In the mean time, Adisyn had been sick off and on for a while. She was getting mysterious fevers with no other symptoms that would last 4-6 days, about every 6 weeks. We were on the 4th round of that, when her doctor started ordering more testing. We didn’t find anything that time, but he said to come right in the next time it happened. Gradually Adisyn was starting to loose weight, and looked malnourished. She didn’t want to eat much, except toaster waffles, pancakes, yogurt and some fruit. Then she got sick again, so I took her in immediately. Unfortunately, our pediatrition was out of the office for the week, and I did not like the one we saw. She was in the room under 3 minutes, checking only her ears and throat, not listening to my concerns.

By Sunday she was still not looking well at all, so we took her to the after hours clinic. We saw an awesome pediatrician who ordered a bunch of labs, and was talking about Failure to Thrive. Adisyn had lost more weight, and was down to just under 28 lbs. Since we went to the doctor earlier in the week, she lost almost a pound! I was freaking out about the Failure to Thrive, I thought that only happened in infants who didn’t want to eat. I was feeling SO guilty, thinking it was because I was letting her eat pancakes for dinner, and not a whole meal. When we had just sat down in the lab for the blood work, the nurse came in and added a Celiac panel to the orders. I didn’t know what that was, and didn’t think anything of it. The next day we hear from the doctor that everything looked good, blood counts were normal. And her fever was gone.

Then, it’s a week later, and the nurse from our pediatrician’s office called to say that Adisyn tested positive for Celiac, and they were referring us to a Pediatric GI (gastroenterologist) doctor in Portland, since there aren’t any down here that see kids. I was kind of surprised, I didn’t realize there were labs taken that we didn’t already have the results for. I didn’t even think to ask the nurse what Celiac was, until I got off the phone. So, I go in and google “tested positive for celiac” and all this information about Celiac Disease comes up.

Since then I’ve read a bunch, and found out that it is an auto-immune disease, and the trigger is gliadin, which is in gluten. It triggers an auto-immune reaction, resulting in the destruction of the villi on the small intestine. That is where all of your nutrient absorption happens. That is why Adisyn was loosing weight, and looking malnourished. Because she was.

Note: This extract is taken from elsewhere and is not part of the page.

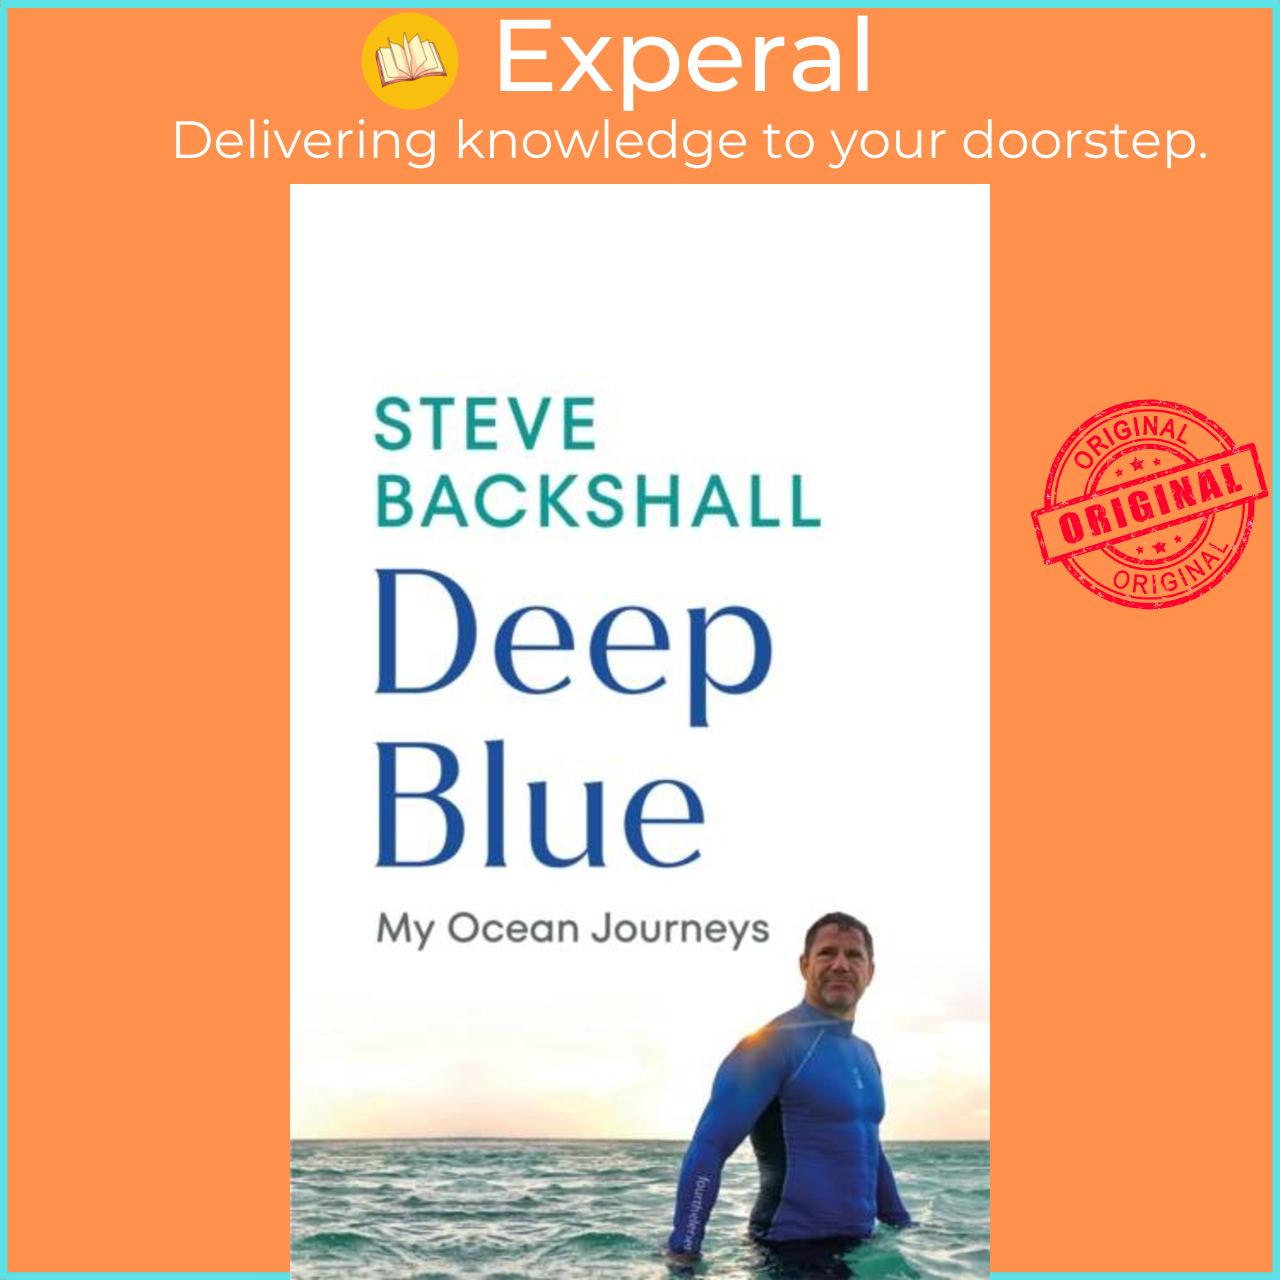 Sách - Deep Blue - My Ocean Journeys by Steve Backshall (UK edition, hardcover)

I called the Ped GI doctors office, and it was a 2 month wait to get her in. There was no way I was going to wait 2 more months to take gluten out of her diet, when I was already semi-familiar with it since we needed to start it with the boys. In fact, it was just the kick-in-the-pants that I needed to take it out of the boys’ diets as well. We noticed a big difference in Adisyn right away. She started gaining weight, her sweet little personality was back, she seemed happier, and she was eating like crazy! The boys’ transition was a little harder. They went through withdrals. Majorly!! It was a really hard week for us, but that just proved to us how addicted to gluten they were. After they had that withdrawl time, they seemed to come out of a fog. They were way more alert, and improved in almost every area! Gluten free was definitely a positive thing for our house.

Then, we went and saw Adi’s GI doctor, and she said that we need to do an endoscopy to confirm the lab results. Since you cannot recover from Celiac, and it is a lifetime diet of eating gluten-free, it is important to have the “offical” diagnosis. They will take a biopsy of her small intestine, and confirm that there is damage to the villi. So, we had to put her back on gluten to do that. We saw immediate changes with that as well. She complains of her tummy hurting almost every day, wakes up at night, has diarrhea, has lost weight, and her tummy is distended. I called the GI doctor last week, and said we had to move up the appointment (it was originally July 13th) or we were going to cancel, because I couldn’t put her through this for (at the time) 3 more weeks. They moved it, and so we go tomorrow, Monday.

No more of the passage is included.